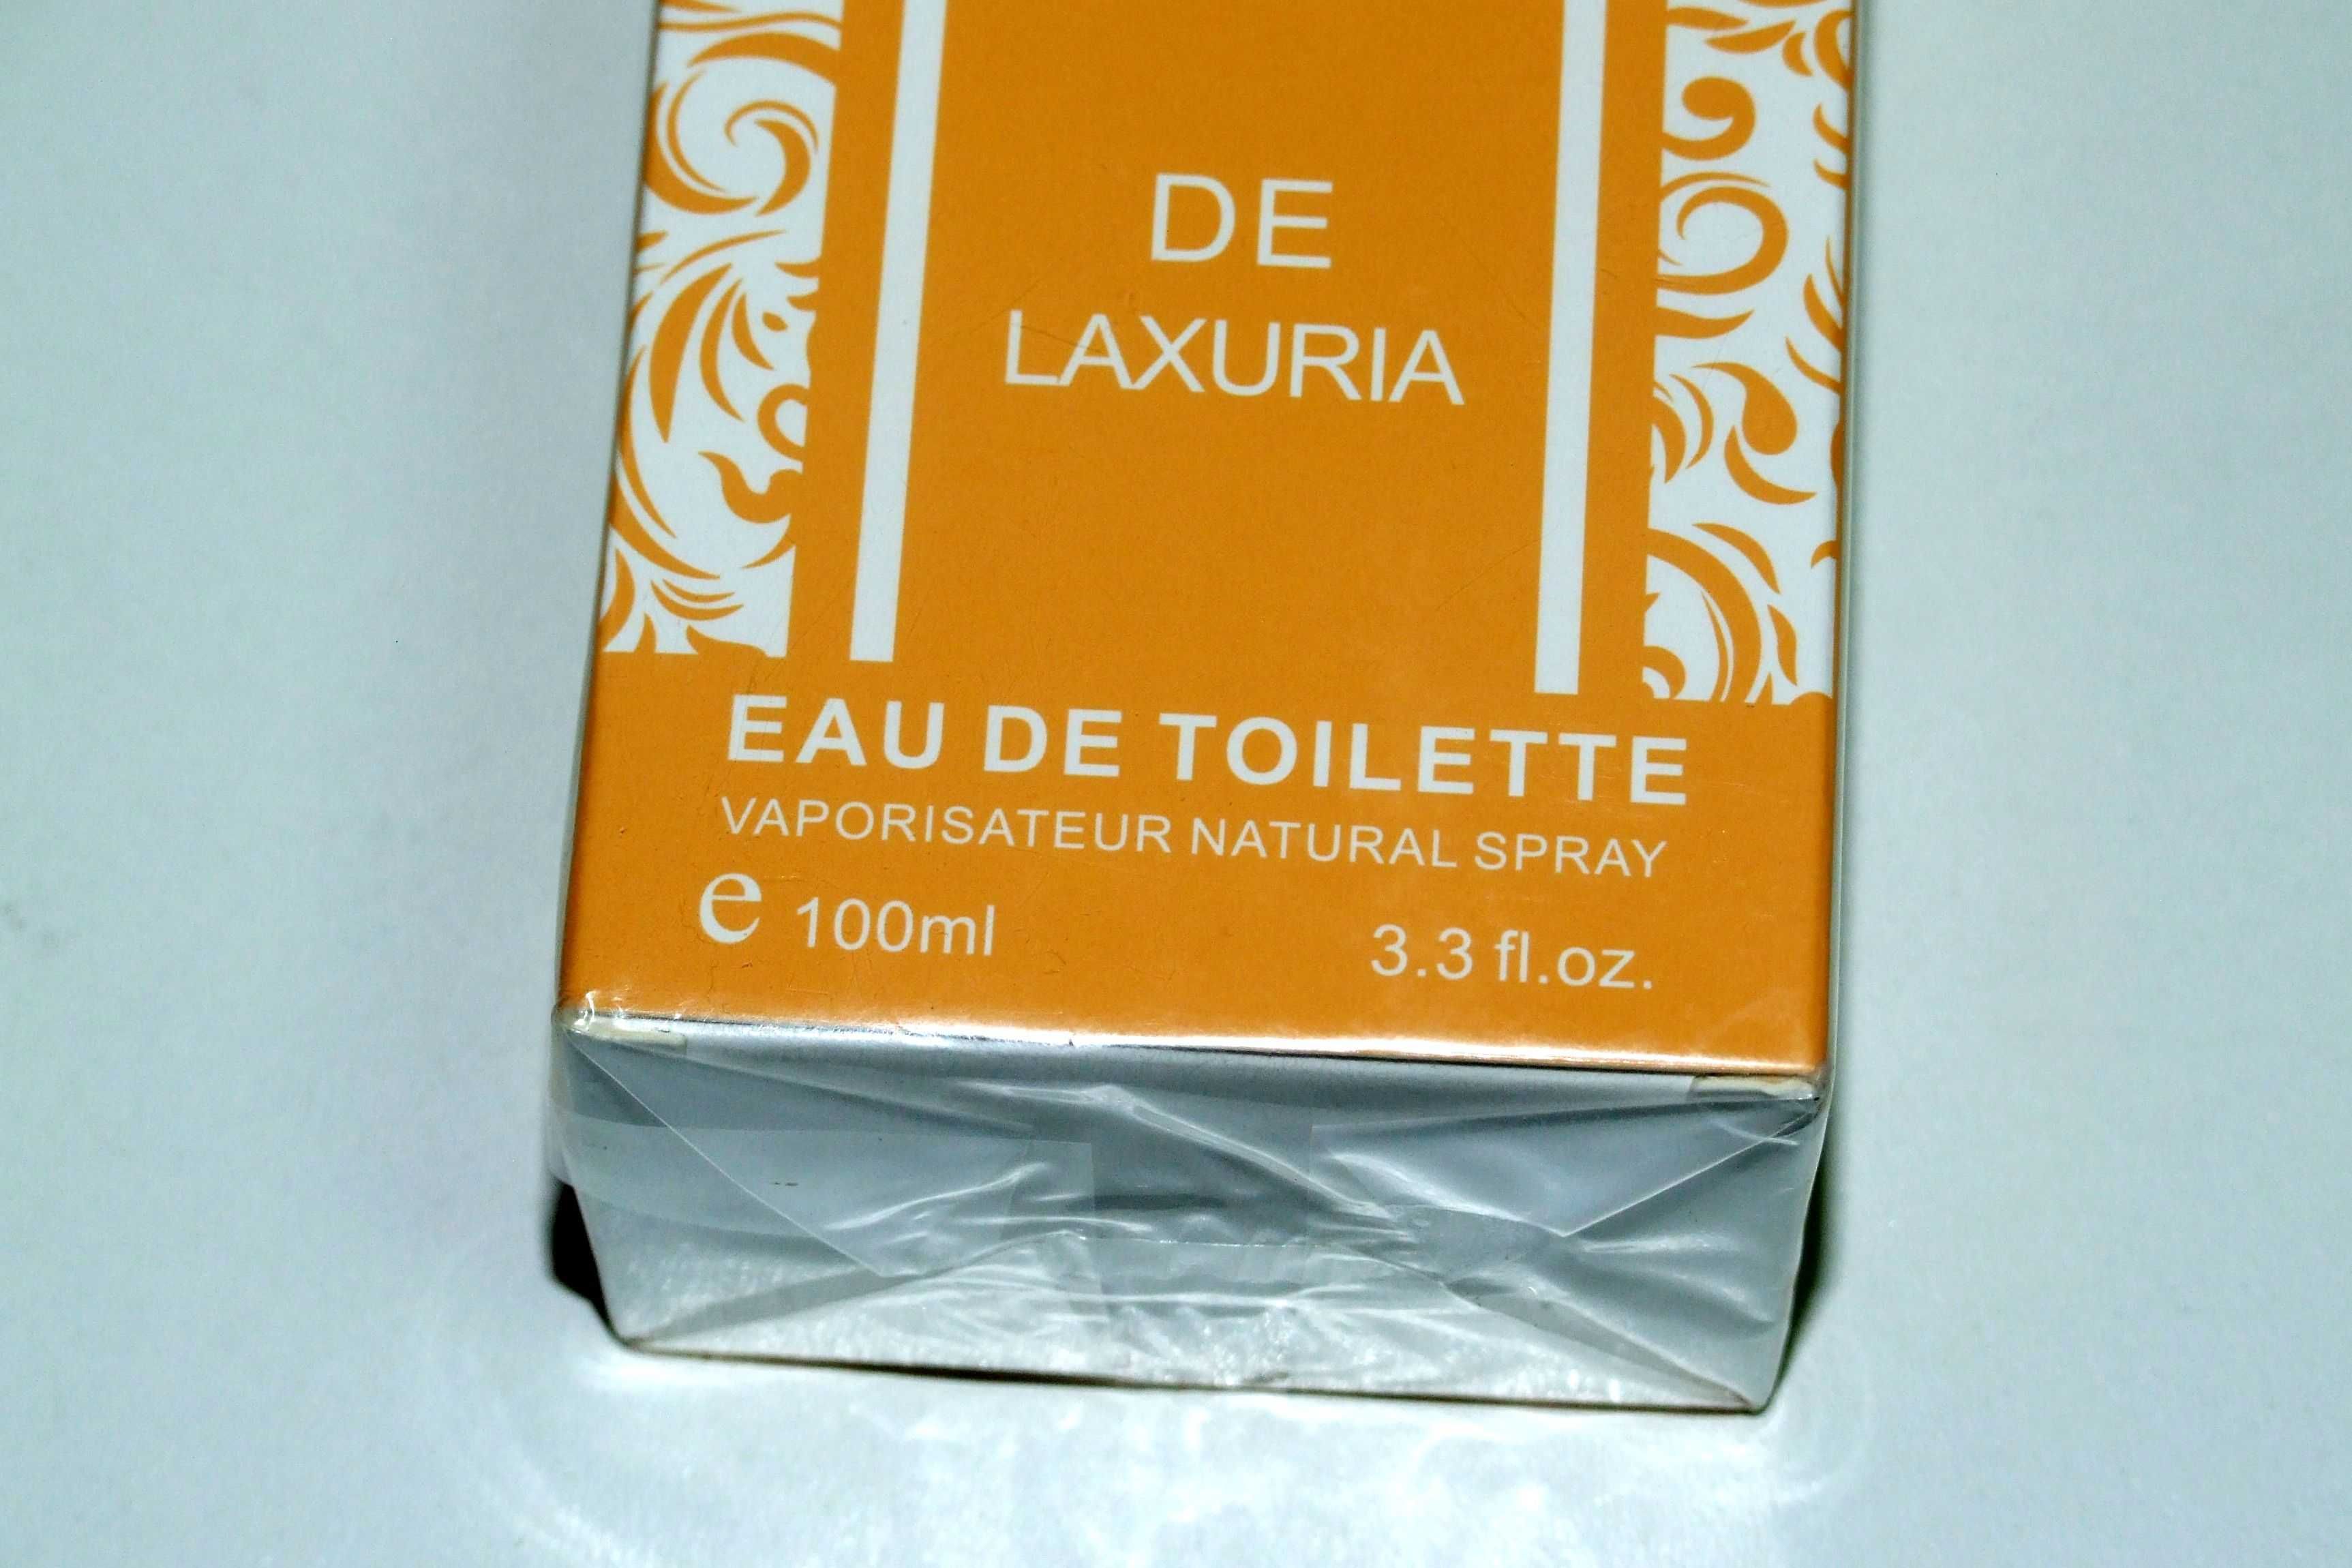 Parfum (Eau de toilette) "Mademoiselle", Made in France, SIGILAT
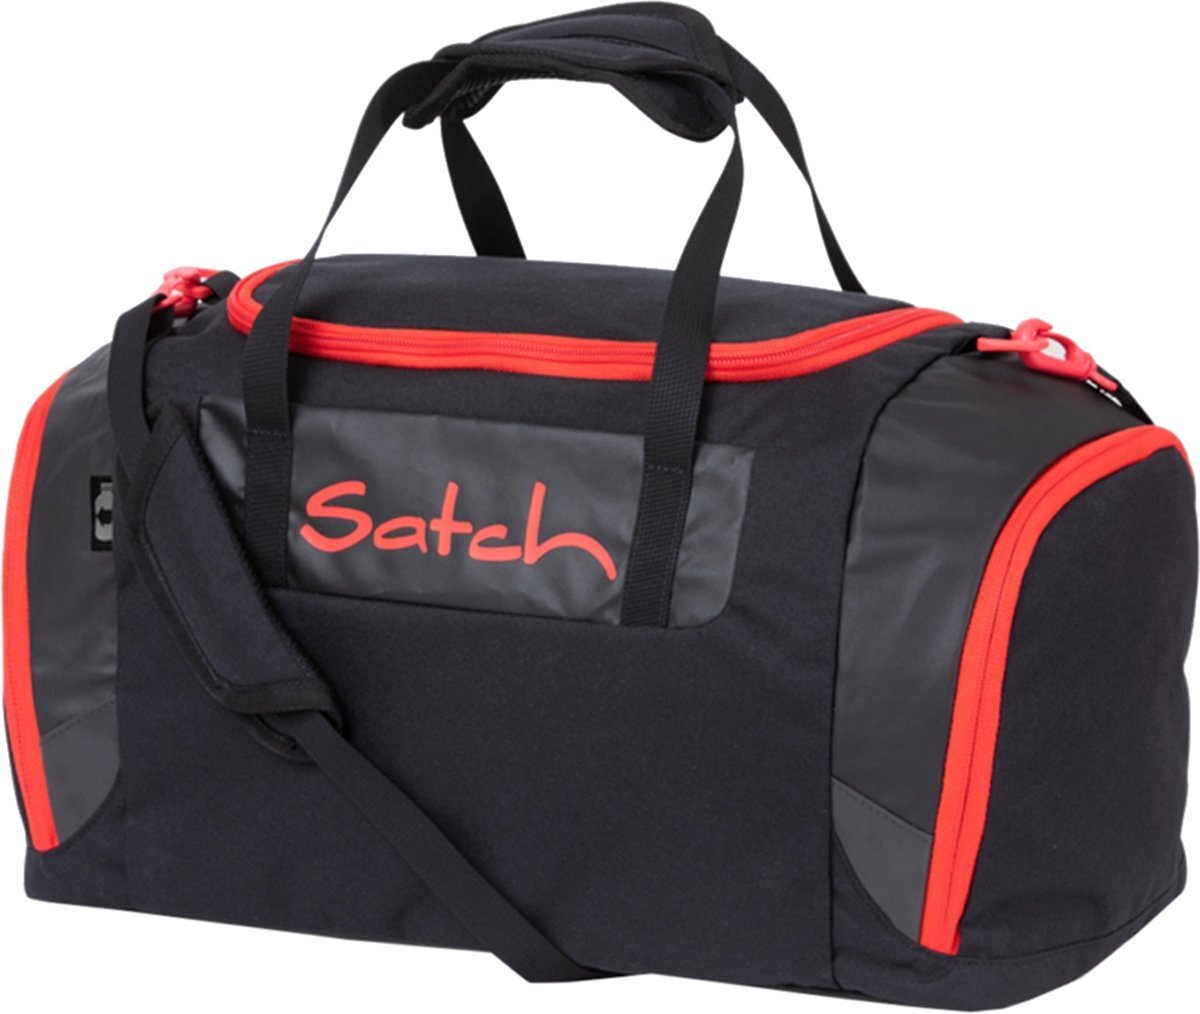 Satch Fire Phantom Sporttas, uniseks, kinderen, zwart/rood, 25 l, Zwart/Rood, 25 L, Fire Phantom
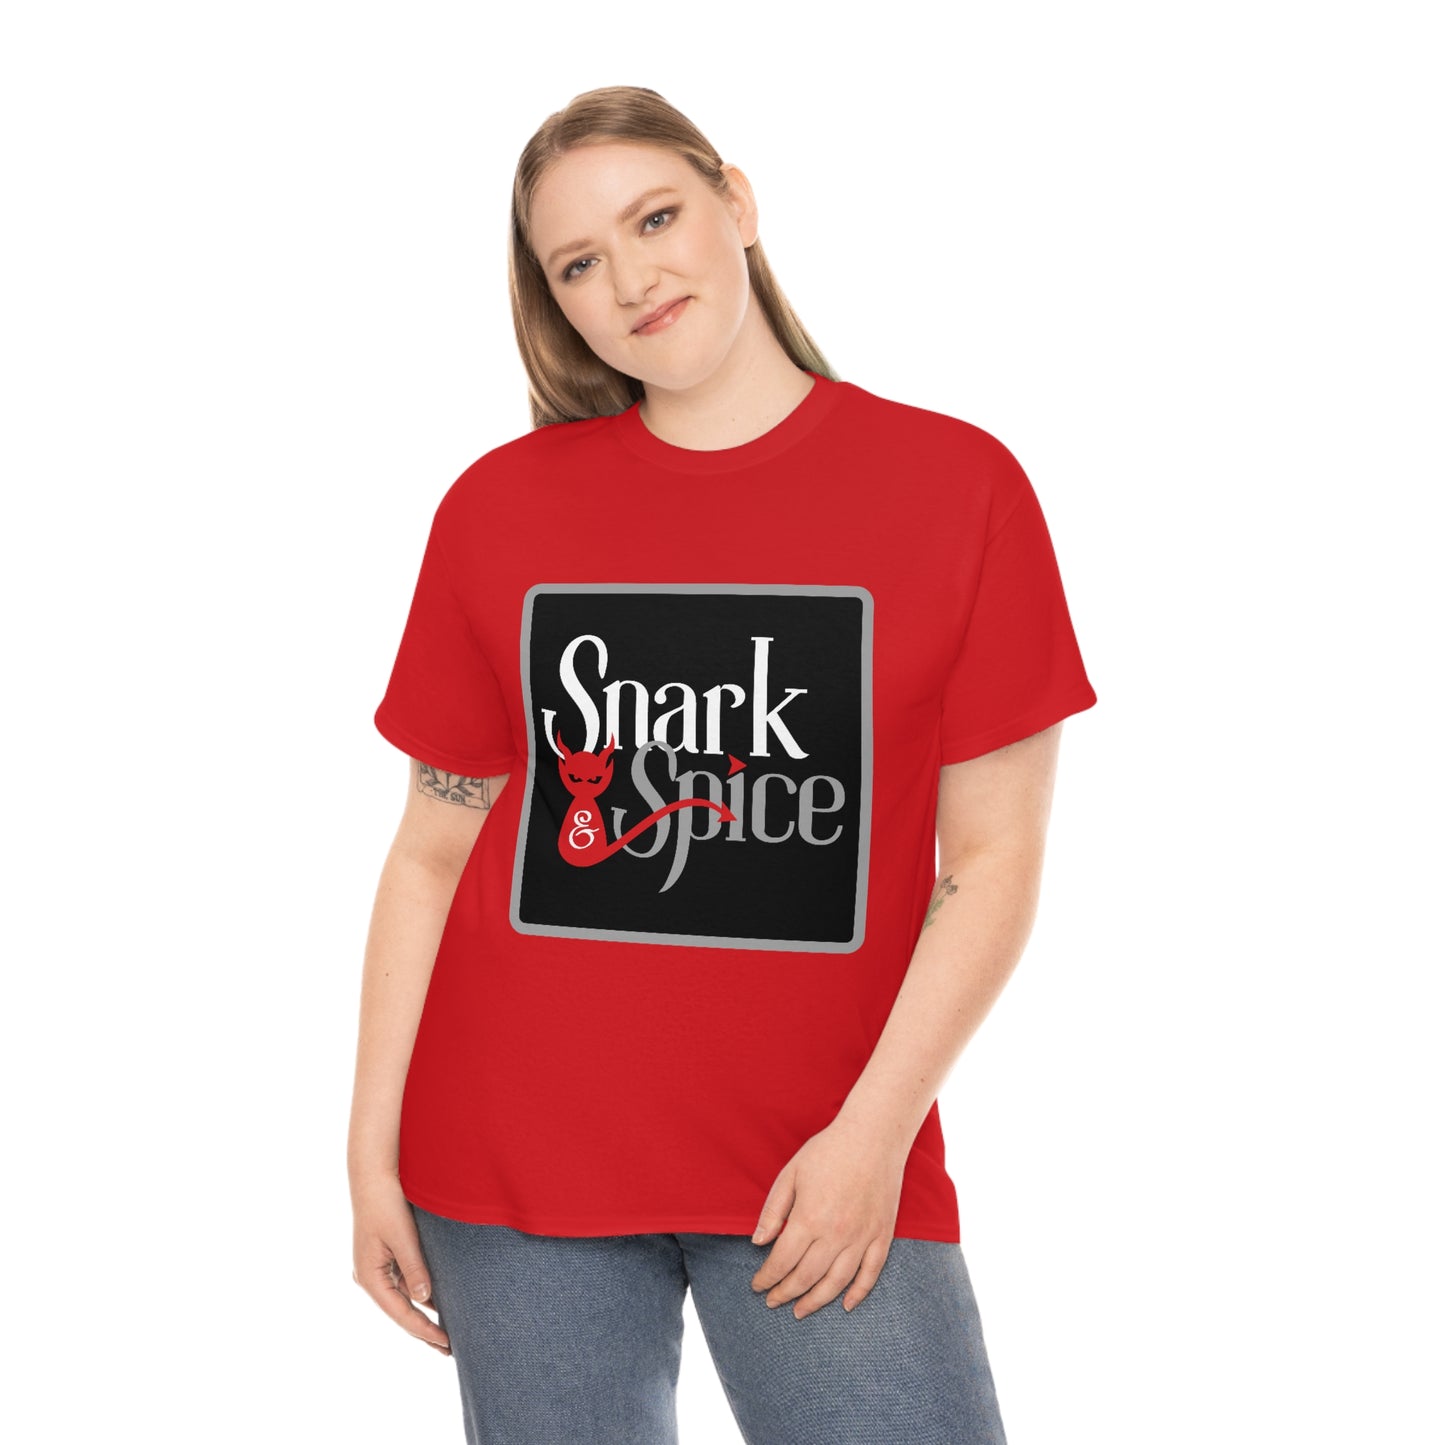 Snark & Spice Gift Shop Unisex Cotton T-shirt
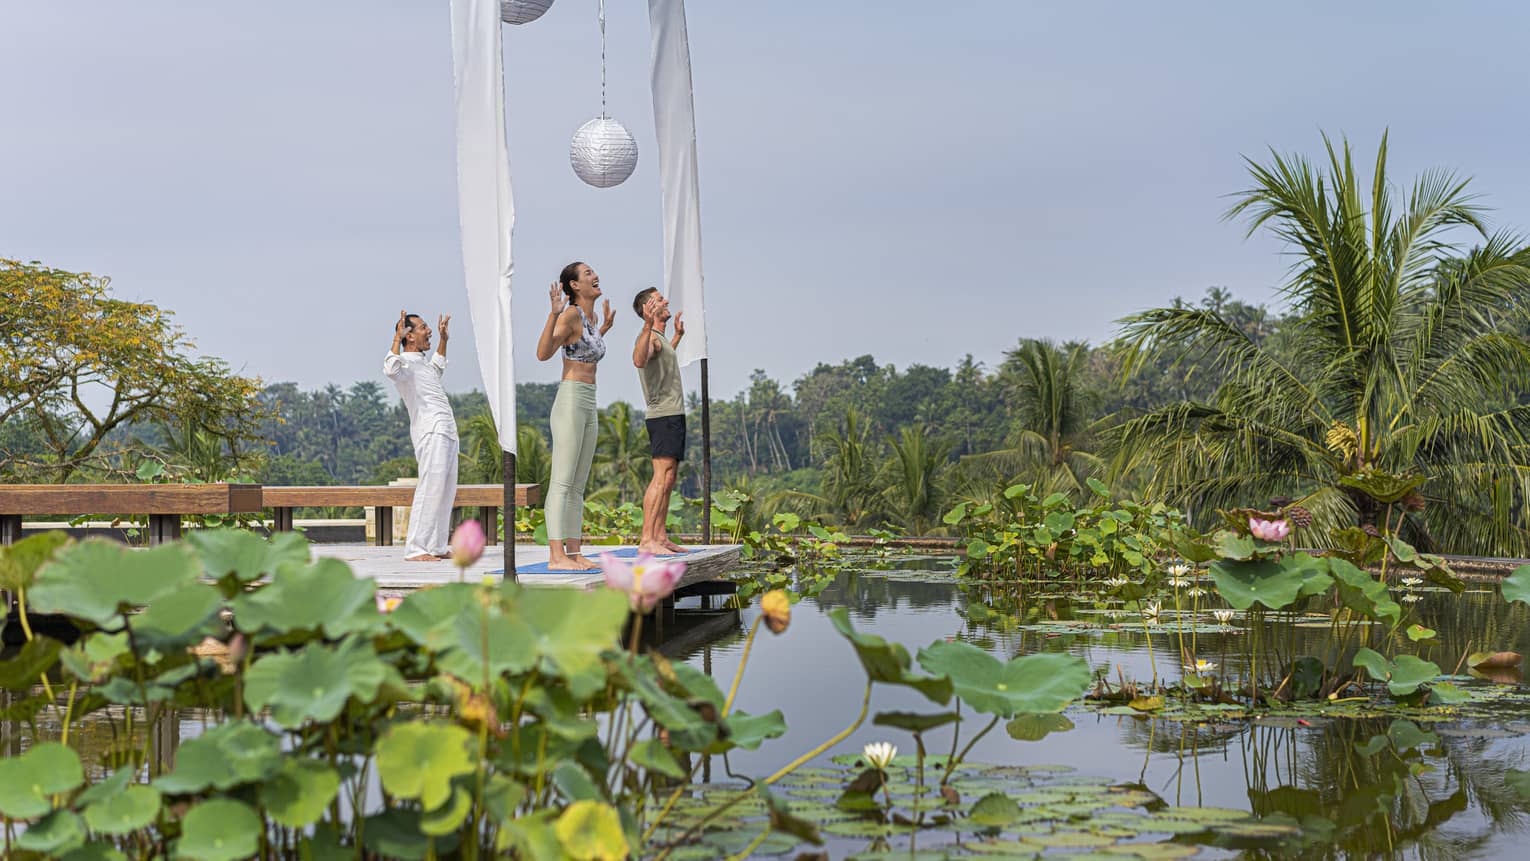 Lotus Pond Laughter Yoga

--- What needs to be done ---
Repeat the listing above word for word, omitting the pictures.

--- Written response ---
 Parfum (Eau de toilette) "Mademoiselle", Made in France, SIGILAT
 Satch Fire Phantom Sporttas, uniseks, kinderen, zwart/rood, 25 l, Zwart/Rood, 25 L, Fire Phantom
 Snark & Spice Gift Shop Unisex Cotton T-shirt
 Lotus Pond Laughter Yoga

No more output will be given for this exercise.